AKP, ‘Kürt Sorunu’ deme cesareti(!) gösterirken, aynı paragrafta, sorunu üniter devlet yapısıyla” ve “kökünden çözmeye yönelik bir politika izleyecektir.” derken aslında hiçbir şey yapmayacağını söylüyor. Çünkü üniter devlet yapısı değişmeden Kürt Sorununun çözülmeyeceği açıktır.

Yine, AK Parti programında, eğitim kelimesi 68 kez, mesela sanat eğitimi, meslek eğitimi veya yabancı dil eğitimi gibi birçok bağlamda geçerken, ana dili eğitimi veya ana dilinde eğitim hiç yer almıyor. “Resmi dil ve eğitim dili Türkçe olmak şartıyla, Türkçe dışındaki dillerde yayın dahil kültürel faaliyetlerin yapılabilmesini, partimiz ülkemizdeki birlik ve bütünlüğü zedeleyen değil, güçlendiren ve pekiştiren bir zenginlik olarak görmektedir.” deniyor.

 

‘Türkçe dışındaki dillerde yayın’, resmi dilin değişmeyeceği, yani Kürtçe’nin ülkenin ikinci resmi olamayacağı şartına bağlanıyor:” Bir de “birlik ve bütünlüğü zedeleyen değil” gibi günlük hamaset söylemine bağlandığında anlayın ki AKP, Kürtler için bir şey yapmak niyetinde değil. Bir başka paragrafta, “Bizim demokratik anlayışımızda farklılıkların birbirine dönüşme mecburiyeti yoktur.

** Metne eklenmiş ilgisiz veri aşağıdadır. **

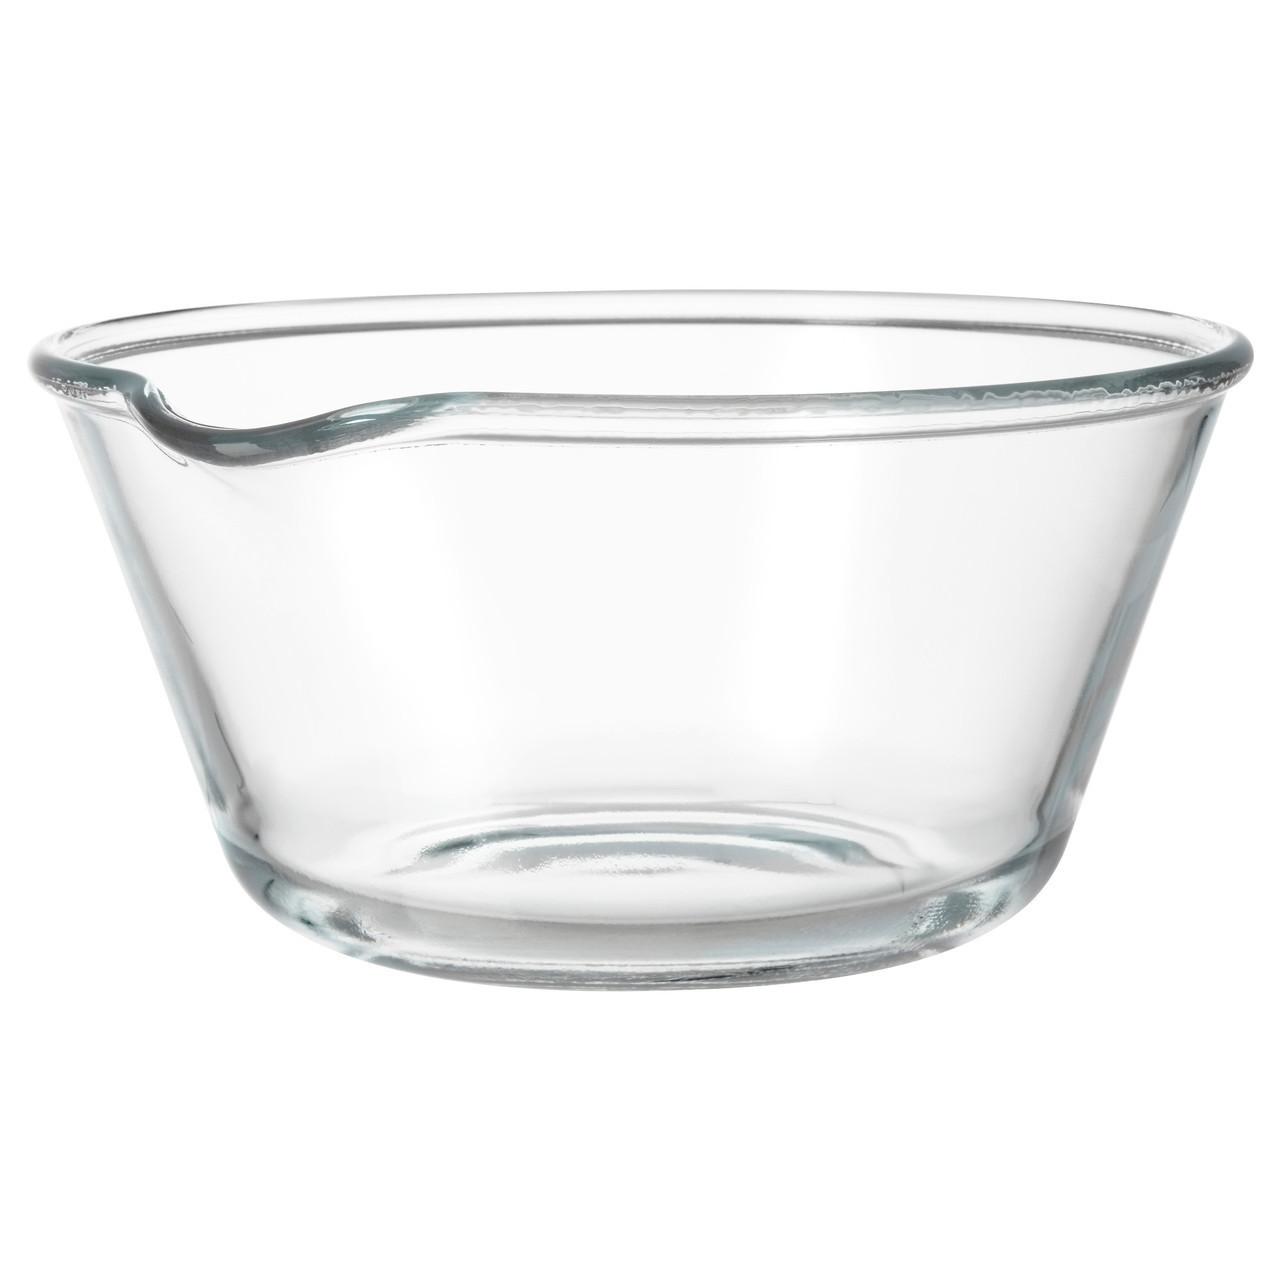 VARDAGEN Миска, прозрачное стекло 702.892.48

Tarihi tecrübemizden süzülerek gelen farklı olanların bir arada barış içinde yaşama kültürü de bundan başka bir şey değildir.” deniyor. Burada şu soruyu sormak gerekiyor: Günde sekiz saat (haftada 40 saat) Türkçe, haftada iki saat seçmeli Kürtçe eğitim alan bir Kürt çocuğun dilinin Türkçe’ye dönüşmeyeceğini, hangi aklı başında insan iddia edebilir. Ayrıca son öğretmen atamasında, AKP’nin seçmeli Kürtçe dersi için atadığı öğretmen sayısı üç -3- evet sadece ‘üç’. Yani milyonlarca Kürt çocuk, üç öğretmenden ana dilini öğrenecek(!)

 

14 Mayıs 2023 seçimlerine dair seçim beyannamesinde, AKP, “Doğusuyla-Batısıyla, Türk, Kürt, Alevi, Sünni gibi farklı etnik yapı, mezhep ve kökenleriyle 85 milyon vatandaşın” partisi olduğunu iddia ediyor. Sonrasında Kürt ve Kürtçe’ye değinilen tek paragrafta “Kürt kardeşlerimizin kendi ana dilleriyle konuşabilmelerinin önündeki engeller bu siyasi çizgi sayesinde ortadan kaldırılmıştır. TRT Kürdi gibi imkânlarla insanların kendi dillerinde yayınları özgürce izleyebilmeleri sağlanmış oldu. Nereden nereye! Kürtçe dil ve kültür merkezleri açılarak üniversitelerimizin bünyesinde Kürt dilinin, Zaza dilinin daha güçlü bir şekilde öğrenilmesinin imkânları temin edilmiştir” deniyor. Tam bir çelişkiler ve tutarsızlıklar yumağı. Birincisi Kürtlerin ve Kürtçe’nin önündeki engeller kalkmadı; daha birkaç gün öncesinde Kürtçe tiyatro yapan Diyarbakır Şehir Tiyatrosu sanatçıları tutuklandı. Sanırım AKP “Kürtçe konuşabilirsiniz ama Kürtçe tiyatro yapamazsınız” diyor. “TRT Kürdi (bu arada kendi kurdukları kanalın adını yanlış yazmışlar Kurdȋ olacak) gibi imkânlarla insanların kendi dillerinde yayınları özgürce izleyebilmeleri sağlanmış oldu” derken, TRT-Kurdȋ’nin kurulduğu 2008’den tam 13 sene önce, 1995 yılında, ilk Kürt televizyonu Med TV’nin yayına başladığını unutuyor. “Nereden nereye!” derken kendisinin, Kürt ve Kürtçe konusunda yarattığı pozitif gelişmeler hakkında şaşkınlığını ifade ettiğini zanneden AKP, bizce daha ziyade kendisinin ve temsilciliğini yaptığı devletin geçmişindeki bir gerçekliğe dair şaşkınlığını ifade ediyor.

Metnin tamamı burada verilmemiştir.